## Exercise description
Retype the data below exactly, skipping pictures.

## Information shown
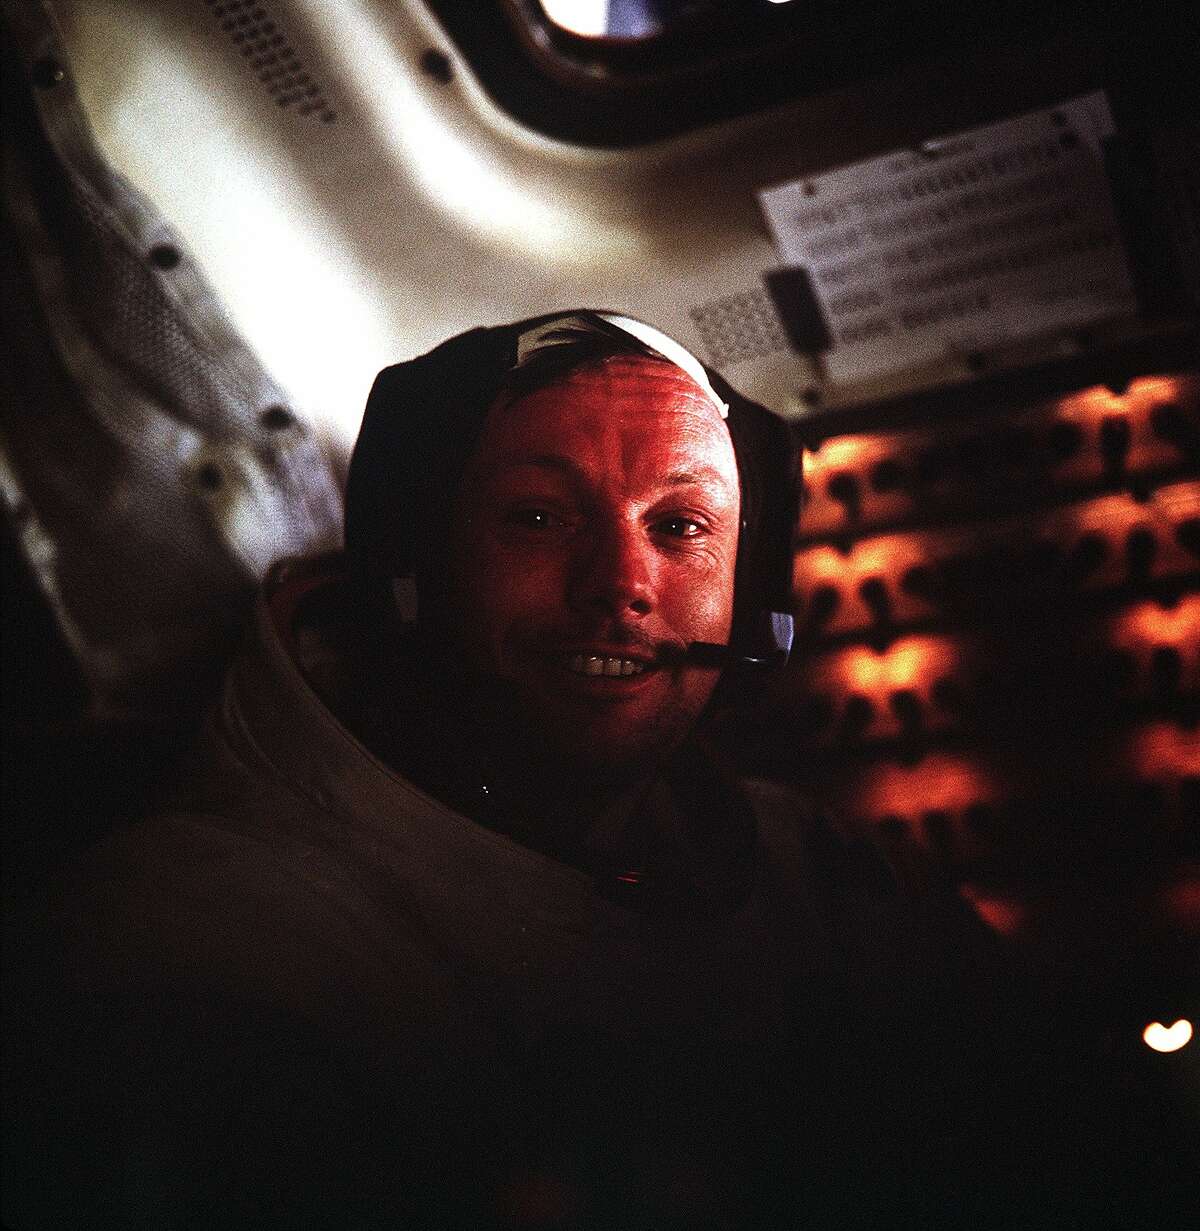 (1969年7月20日)——这张照片是阿波罗11号指挥官宇航员尼尔·a·阿姆斯特朗在登月舱(登月舱)内拍摄的，当时登月舱停在月球表面。拍摄这张照片时，宇航员阿姆斯特朗和登月舱飞行员小埃德温·e·奥尔德林已经完成了他们历史性的舱外活动(EVA)。当阿姆斯特朗和奥尔德林探索月球表面时，指令舱飞行员、宇航员迈克尔·柯林斯(Michael Collins)留在了月球轨道上的指令和服务舱(CSM)。
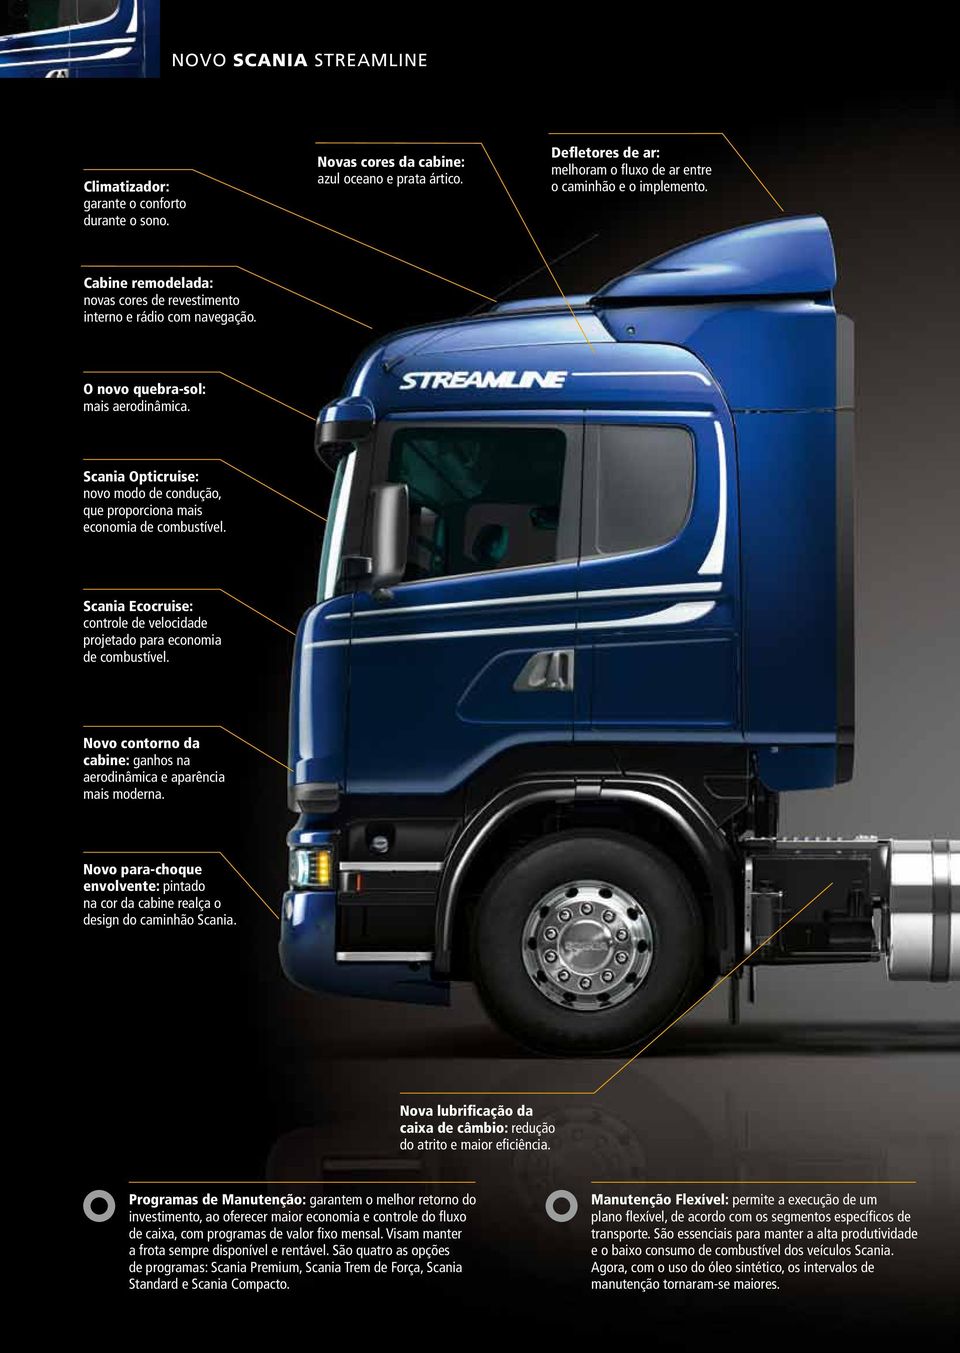 Scania Opticruise: novo modo de condução, que proporciona mais economia de combustível. Scania Ecocruise: controle de velocidade projetado para economia de combustível.
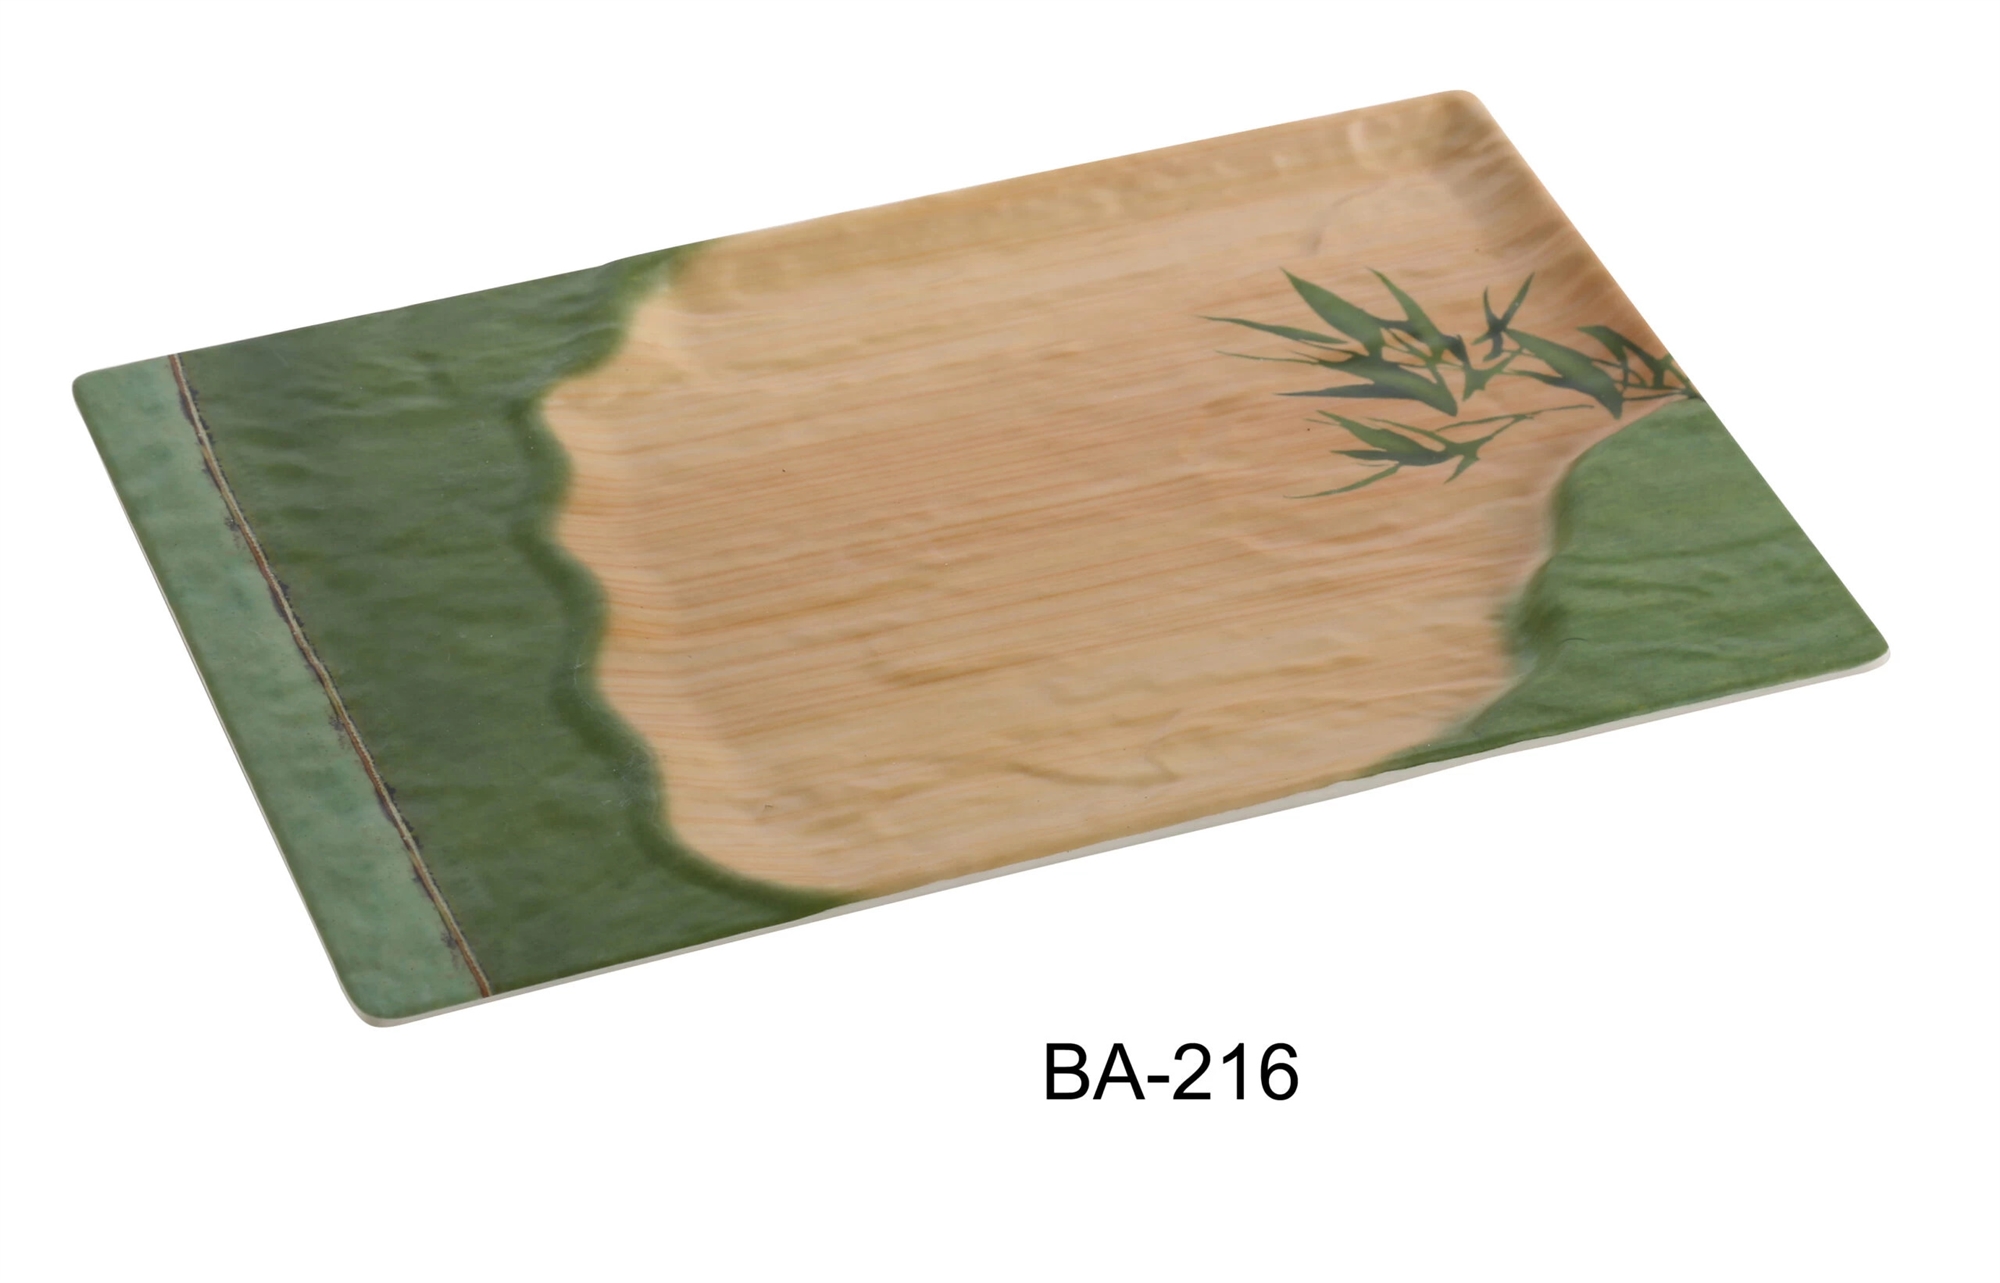 Yanco BA-216 Bamboo Style 16" X 10" Rectangular Plate

## Response to the task
 (1969年7月20日)——这张照片是阿波罗11号指挥官宇航员尼尔·a·阿姆斯特朗在登月舱(登月舱)内拍摄的，当时登月舱停在月球表面。拍摄这张照片时，宇航员阿姆斯特朗和登月舱飞行员小埃德温·e·奥尔德林已经完成了他们历史性的舱外活动(EVA)。当阿姆斯特朗和奥尔德林探索月球表面时，指令舱飞行员、宇航员迈克尔·柯林斯(Michael Collins)留在了月球轨道上的指令和服务舱(CSM)。
 Scania Opticruise: novo modo de condução, que proporciona mais economia de combustível. Scania Ecocruise: controle de velocidade projetado para economia de combustível.
 Yanco BA-216 Bamboo Style 16" X 10" Rectangular Plate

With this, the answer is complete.